Mi apoyo moral al muy moral ataque de los Estados Unidos e Inglaterra al régimen de Irak no carece de límites. Por ejemplo, su moralidad sería mayor y más indudable si además de eliminar el peligro que dentro y fuera de Irak suponen el señor Husein y sus armas, arramblara también con el resto de obstáculos políticos que impiden la total libertad de los pueblos de la zona, entre los cuales ocupa un lugar destacado el principio de la intangibilidad de las fronteras. Pues sería profundamente moral que como resultado de la invasión, querido o no querido, desaparecieran caducos vestigios imperiales y pudiera constituirse un Estado nacional kurdo no sólo en Irak, sino también en Turquía, Irán y Siria. Se me reñirá como provocador y se me dirá que esto sería irresponsable por las graves consecuencias políticas que acarrearía en términos de inestabilidad de la región. Como ha mostrado la experiencia de la disolución de Yugoslavia, es posible que mis correctores tuvieran razón. Su argumento no es en principio ético, sino sólo político, pero no ignoro que la política linda a veces con la moral por el lado de la prudencia. Y no soy tan purista que quiera que se haga justicia aun si perece el mundo.

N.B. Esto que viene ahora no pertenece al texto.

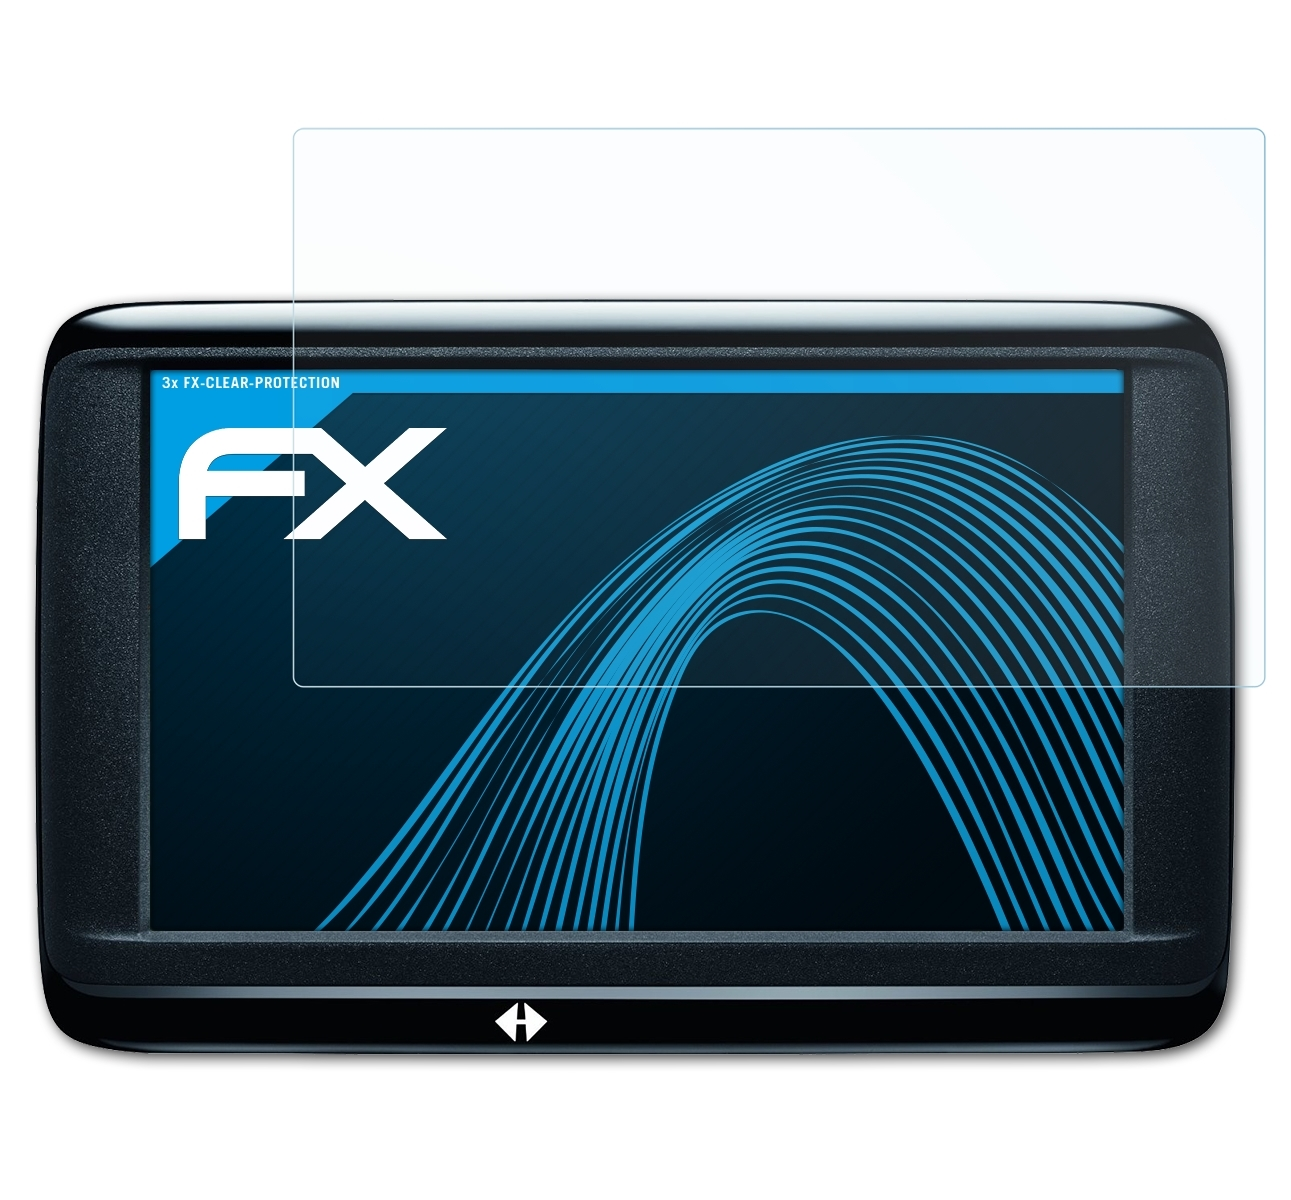 Displayschutz(für 3x ATFOLIX Navigon 40 FX-Clear Premium)
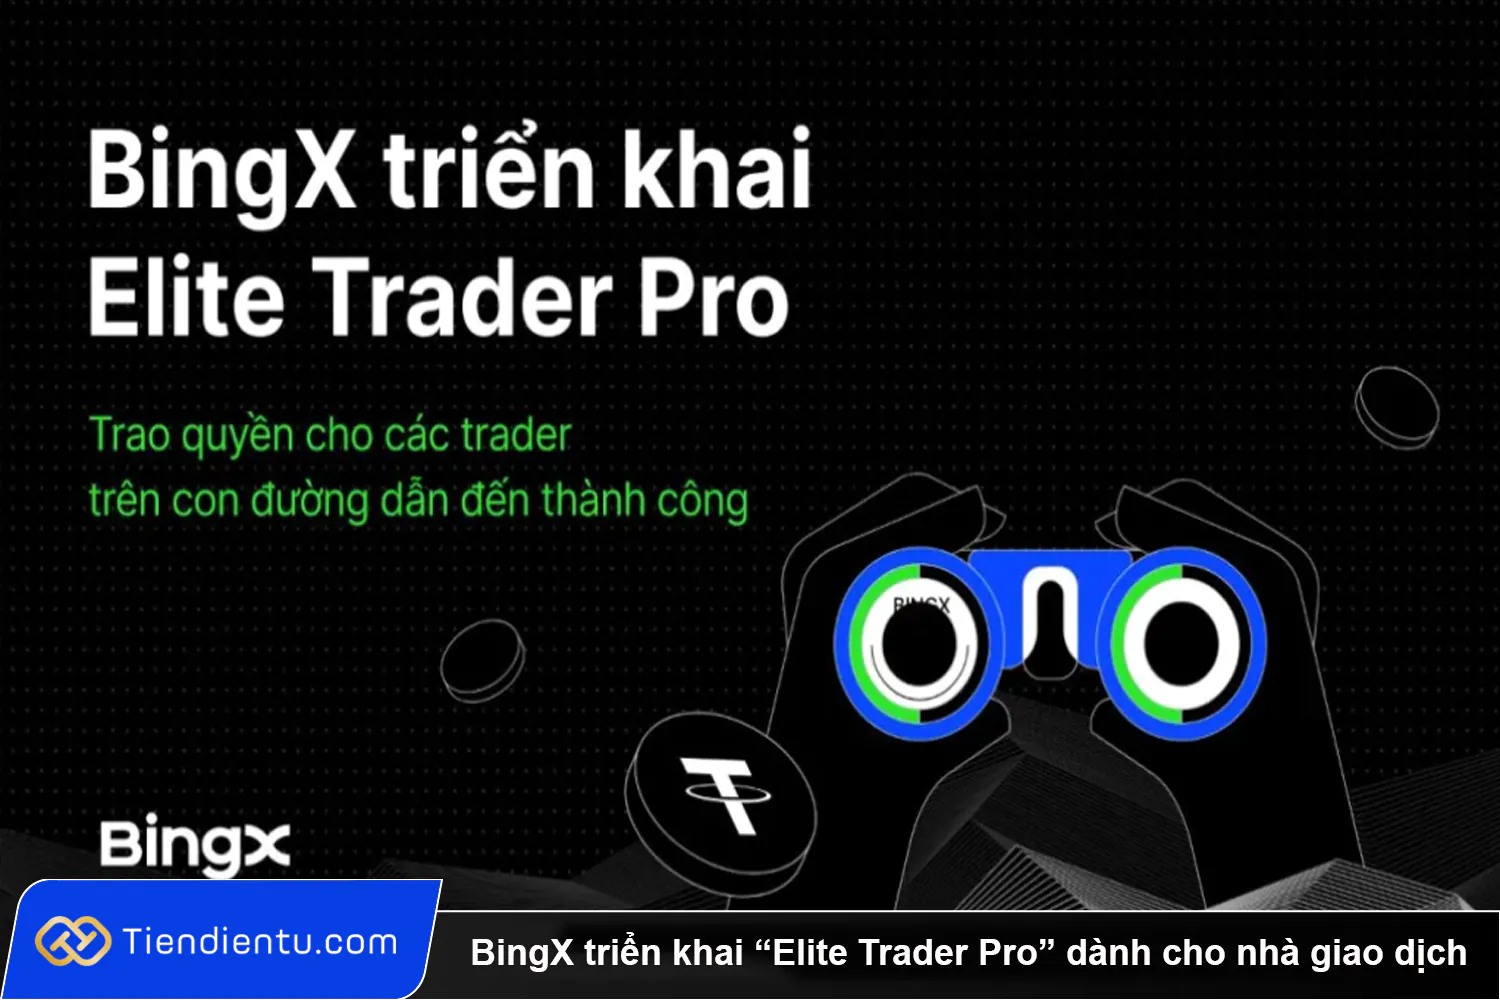 BingX trien khai Elite Trader Pro danh cho nha giao dich

Mi apoyo moral al muy moral ataque contra el actual régimen de Bagdad no está exento tampoco de recelos e inquietudes. Me gustaría, en efecto, estar seguro de que, además de moral, la acción es legal y que cumpliera con todas las exigencias, requisitos y garantías del derecho internacional, la principal de las cuales es, como se sabe, el apoyo del Consejo de Seguridad de la ONU. Ello habría sucedido de haber estado Francia, Alemania, Rusia y China más interesadas en la injerencia humanitaria y menos en mantener el actual status quo en Irak, Sadam Husein incluido. Pero sus cálculos políticos, no sé tampoco bien por qué, han arrojado este resultado y no han apoyado la invasión. Si la resolución 1.441 no fuera cobertura legal suficiente, es claro que tengo que elegir entre la moralidad y la legalidad. Dilema ante el cual no veo otra actitud ética que dejar de lado, como Antígona, la ley de la ciudad y ponerme del lado de los que pueden contribuir al progreso de la democracia, la libertad y el respeto de los derechos humanos.

Julio Carabaña es catedrático de Sociología de la Complutense.